Which is the better configuration to parallelly run docker containers with transform?

ChengYangUmich · June 21, 2024, 7:41am

Problem Statement:
A project requires to optimize certain inputs of a model to achieve the wanted output targets. However, the model is wrapped in a docker container and therefore, it is not possible to directly put the model into the transform.
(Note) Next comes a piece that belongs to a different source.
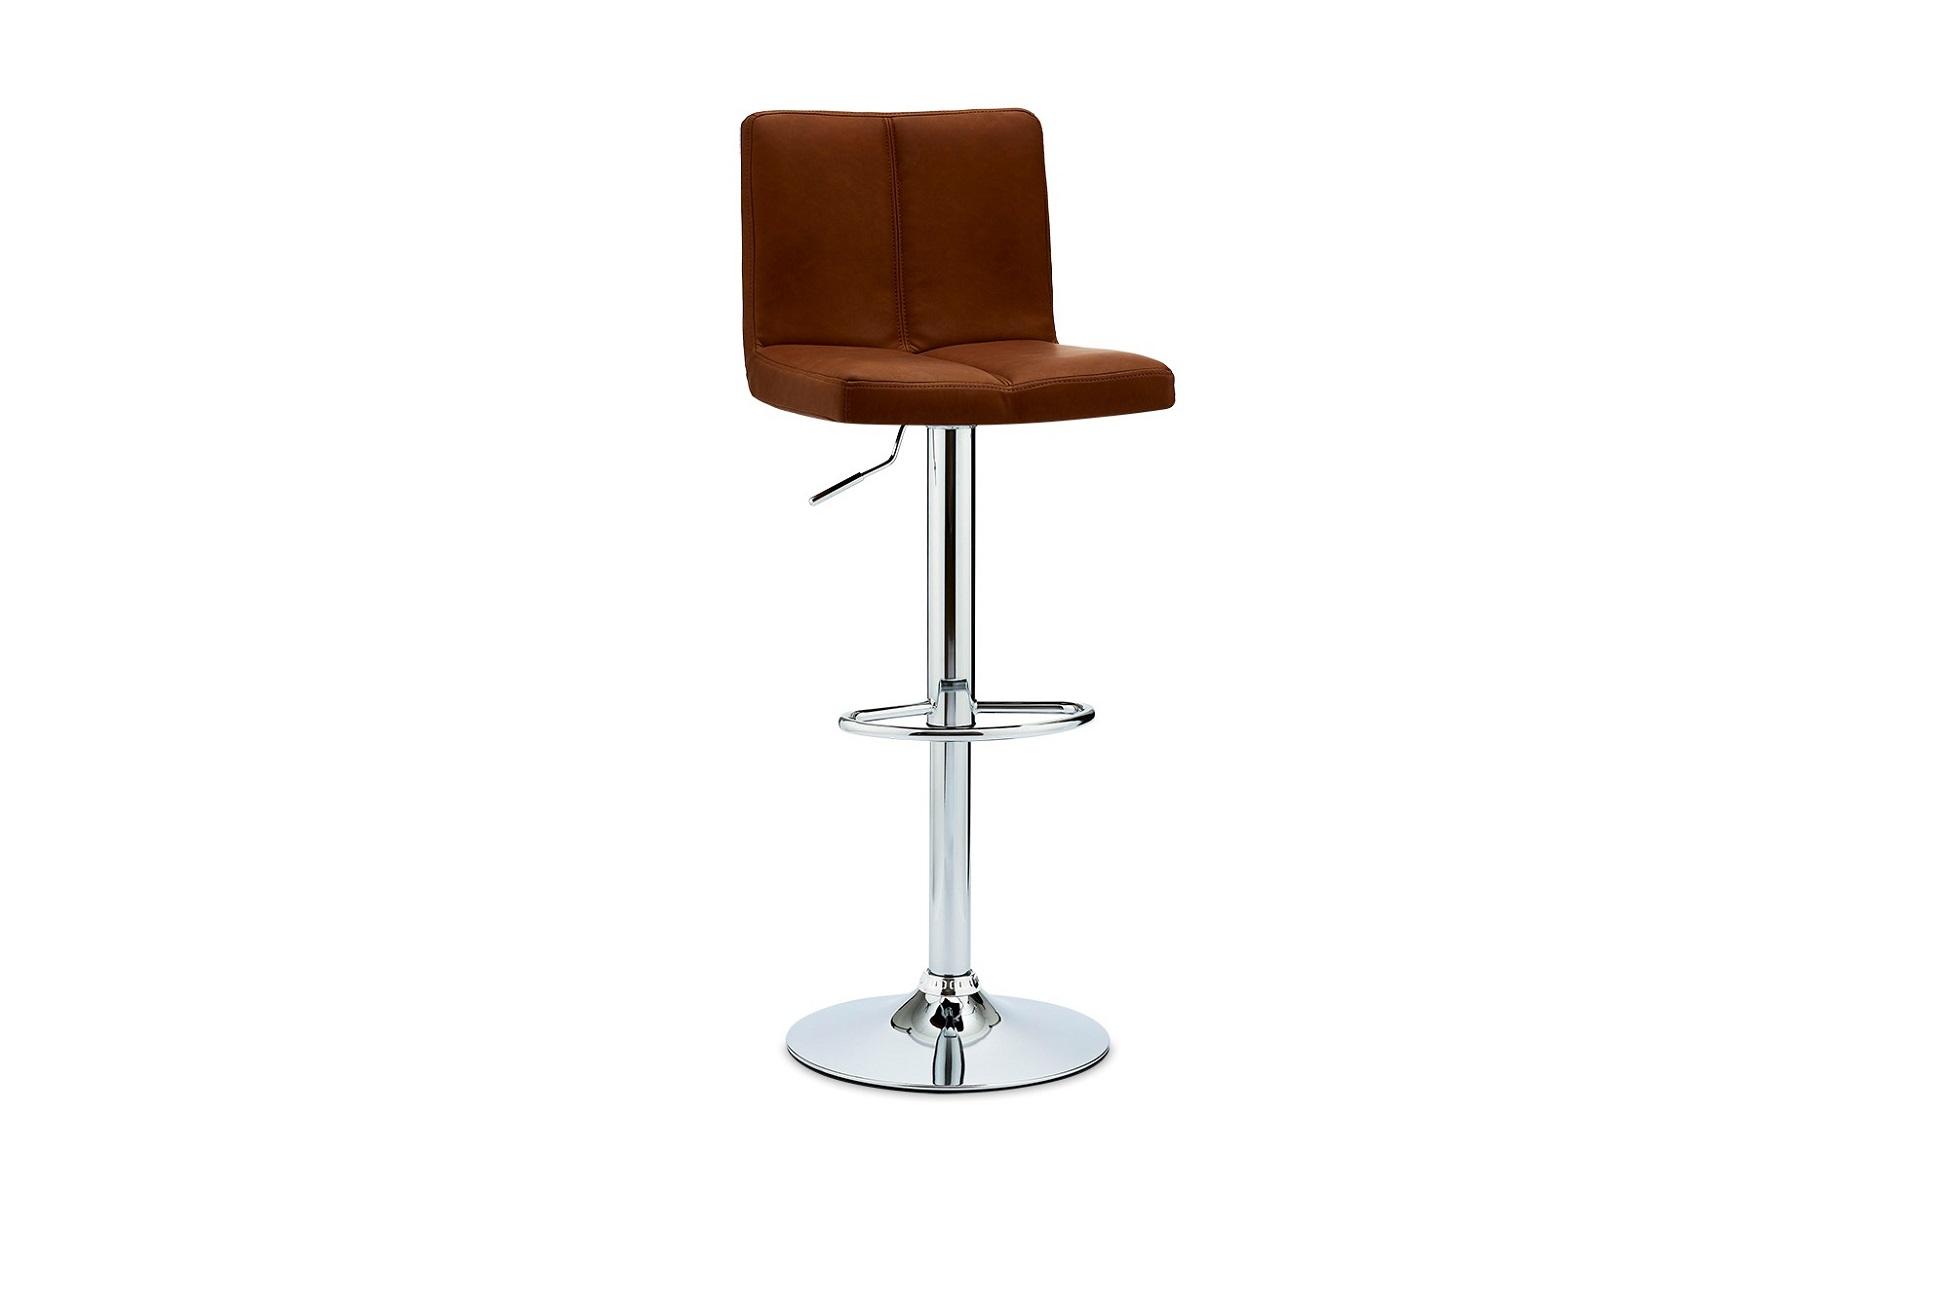 Luxusní barová židle Aesop, světlehněd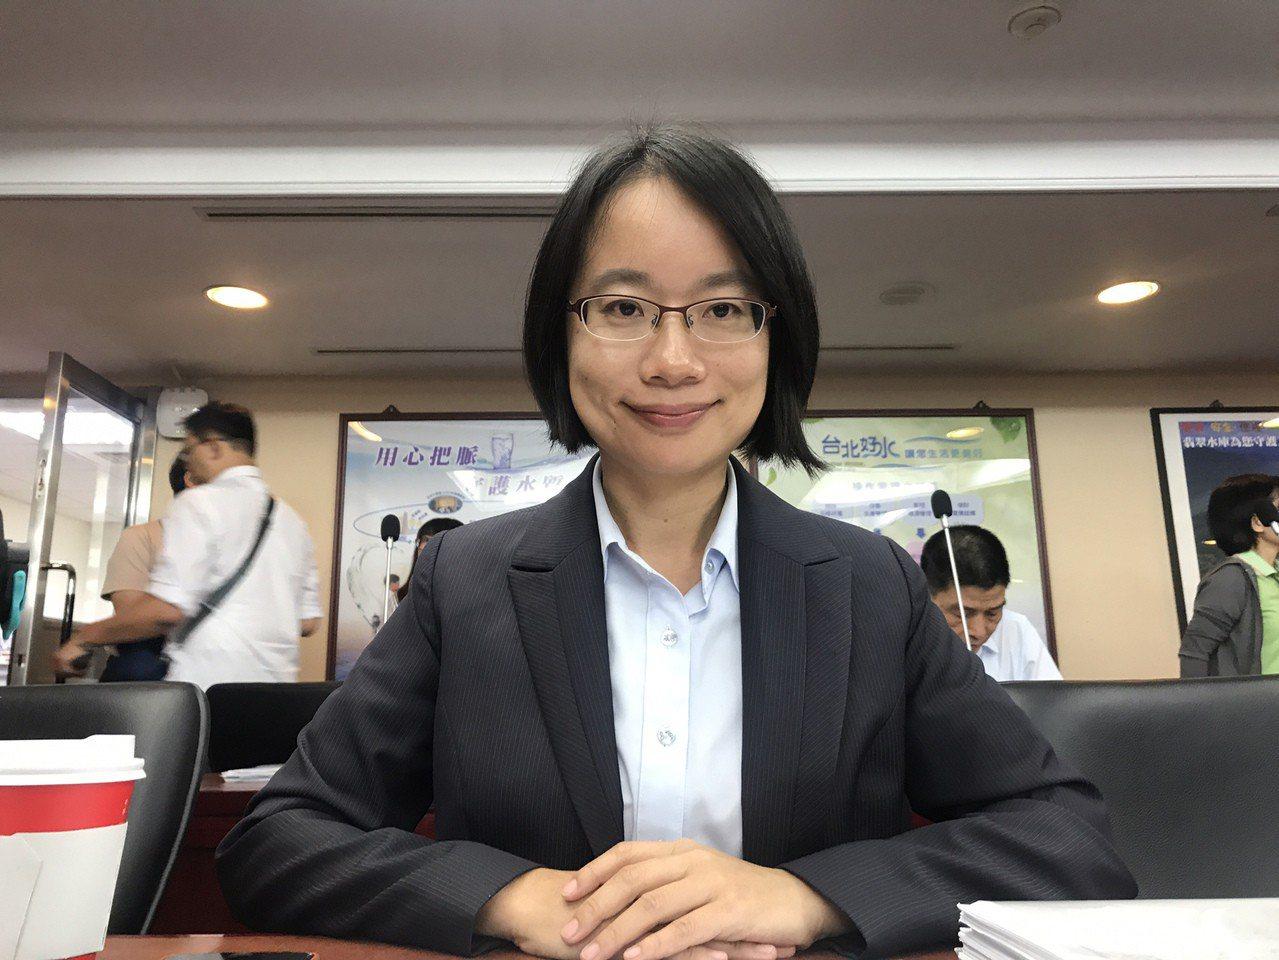 台北農產運銷公司今年8月前營業淨利較去年同期少。北農總經理吳音寧(前)11日列席...

Therefore, the sidecar is needed for this project.

Option A: Fulfill the parallel running with multiple container instances

Document Source: https://www.palantir.com/docs/foundry/transforms-python/transforms-sidecar/#example-2-parallel-execution

Just as in the example provided, define all the combination of inputs as a data frame.

| policyId | param 1 | param 2 | ... |
| ---------|   0.1   |   0.2   | ... |  
| ---------|   0.2   |   0.4   | ... |  
| ---------|   0.3   |   0.5   | ... |

Within the transform, define a main function that format each row into input files and trigger multiple container instances like below

def main(a_row):
   
@trainsform():
    def compute(output, output_rows, source, ctx):

        def main(a_row):
            format_inputs_into_shared_volume()
            copy_start_flag()
            wait_for_done_flag()
            copy_output_files()
            post_processing_results()

    results = policy.dataframe().repartition(4).rdd.map(main)

Option B: Fulfill the parallel running with one container instance
Basically, utilize some parallel job libraries like Ray [https://docs.ray.io/en/latest/ray-overview/index.html], wrap everything within the container and the transform only trigger the instance once.